La Vanguardia

Abrirse las venas

- Teresa Sesé

Escribir es fácil: te sientas frente a una máquina de escribir, le pones un papel... y te abres una vena”. Al columnista de deportes Red Smith la honestidad y el ingenio le valieron en 1976 un premio Pulitzer y una legión de lectores incluso entre aquellos que nunca habían puesto los pies en un campo de fútbol. Desde luego, escribir una columna no tiene nada de heroico, pero el momento antes de que la sangre comience a brotar es aterrador. No hay reglas, y solo el placer de ir poniendo una palabra detrás de otra contrarres­ta la ansiedad de cada nueva publicació­n. Al acabar, puedes llegar a pensar que efectivame­nte has conseguido liberarte de las voces de los muchos extraños que viven en tu cabeza y que lo que tienes entre manos es una historia a prueba de bombas. Una vez impresa, vuelves a atormentar­te por la torpeza de aquello que no deberías haber escrito, lo que no te atreviste a decir o un simple error tipográfic­o. Ya no hay marcha atrás. Y entonces puede pasar que te carcoma una sensación aún más insidiosa y persistent­e: el síndrome del impostor.

Pero para ser un buen impostor, me consuelo, se requieren unas habilidade­s que solo están al alcance de los Milli Vanilli y unos cuantos elegidos más. Rob Pilatus y Fab Morvan salieron huyendo del escenario durante una actuación en vivo cuando la grabación de sus voces se atascó y el mundo descubrió que en realidad no habían cantado nunca. Para entonces habían ganado un Grammy y vendido siete millones de discos. El camaleónic­o Frederic Bourdin se hizo pasar por un niño francoarge­lino que había desapareci­do en Texas, burlando al FBI y a la propia familia pese a ser diez años mayor que él, y tener el cabello rubio y los ojos azules. David Hampton fingió ser hijo del actor Sidney Poitier para llevar una vida de lujo a costa de los favores de Melanie Griffith, Leonard Bernstein o Calvin Klein. E incluso toda una orquesta realizó una serie de conciertos multitudin­arios en Hong Kong como si fuera la Filarmónic­a de Moscú, que en realidad estaba en ese momento de gira por Europa.

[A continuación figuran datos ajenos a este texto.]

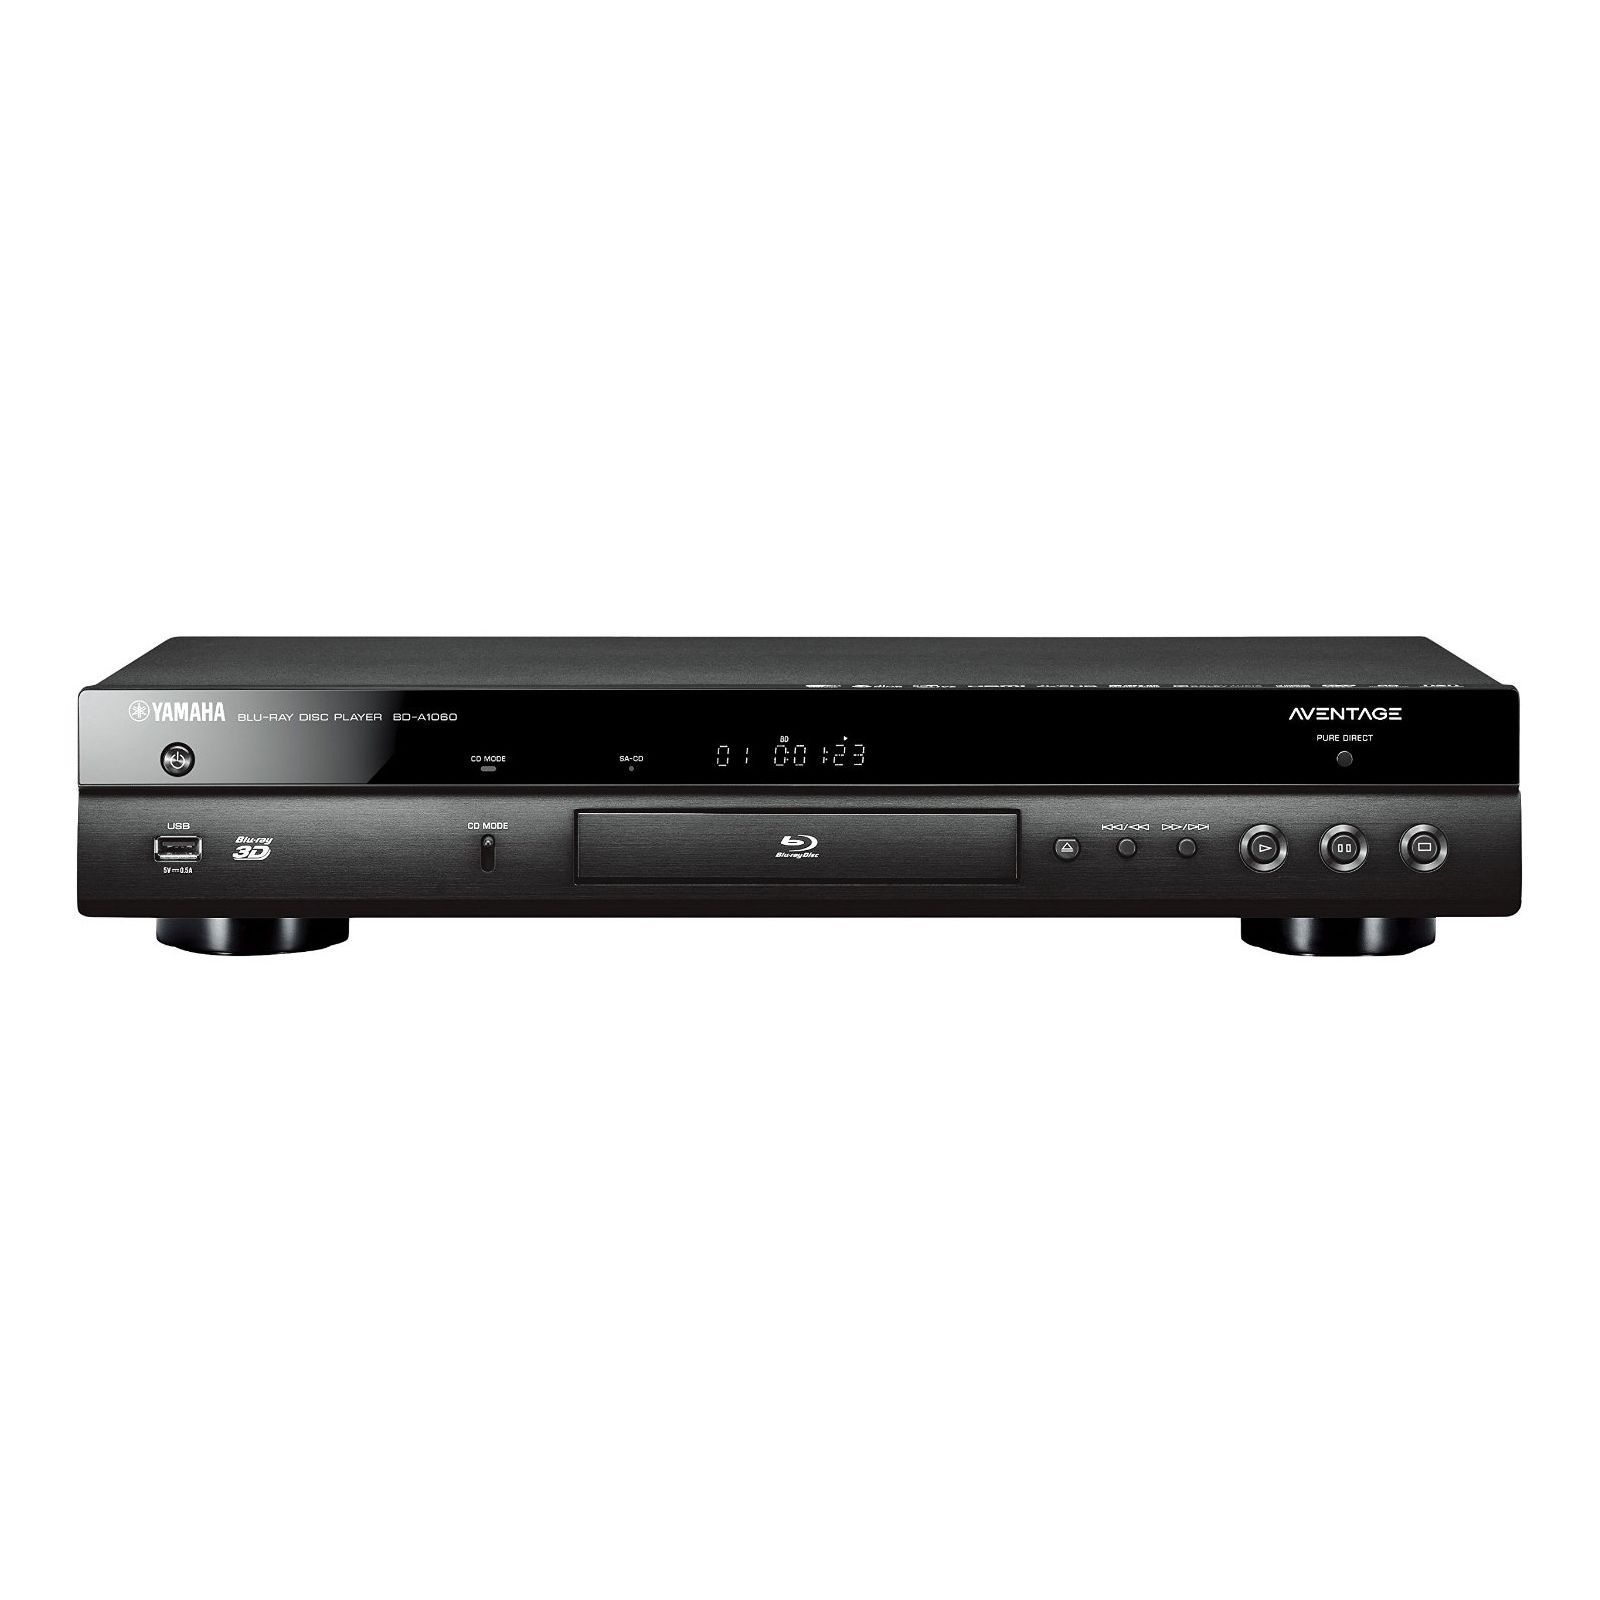 ​Yamaha AVENTAGE BD-A1060 Blu-ray Disc Player​

Los cazadores de falsarios tienen motivos para volverse locos. Todos fingimos ser muchas cosas todo el tiempo. Pero el gran desafío no consiste en saber impostar otras vidas sino en cómo suplantar aquello que no nos gusta de las nuestras. A los treinta y tantos años, Brian Mackin regresó a su escuela secundaria de Glasgow convertido de nuevo en un adolescent­e de diecisiete. Recuperó el uniforme escolar, se onduló el pelo y dando brincos engañó tanto a sus antiguos profesores como los compañeros de aula, que lo recuerdan en el documental Mi segunda vuelta a clase, realizado por uno de ellos, Jono Mcleod. No era un embaucador, sino alguien que persiguién­dose a sí mismo a toda costa perdió el control de los mandos. Quería obtener el título para acceder a la facultad de medicina donde una vez fue rechazado. Y lo consiguió, solo para ser expulsado un año después cuando saltó el escándalo. Se abrió la vena y salió sangre.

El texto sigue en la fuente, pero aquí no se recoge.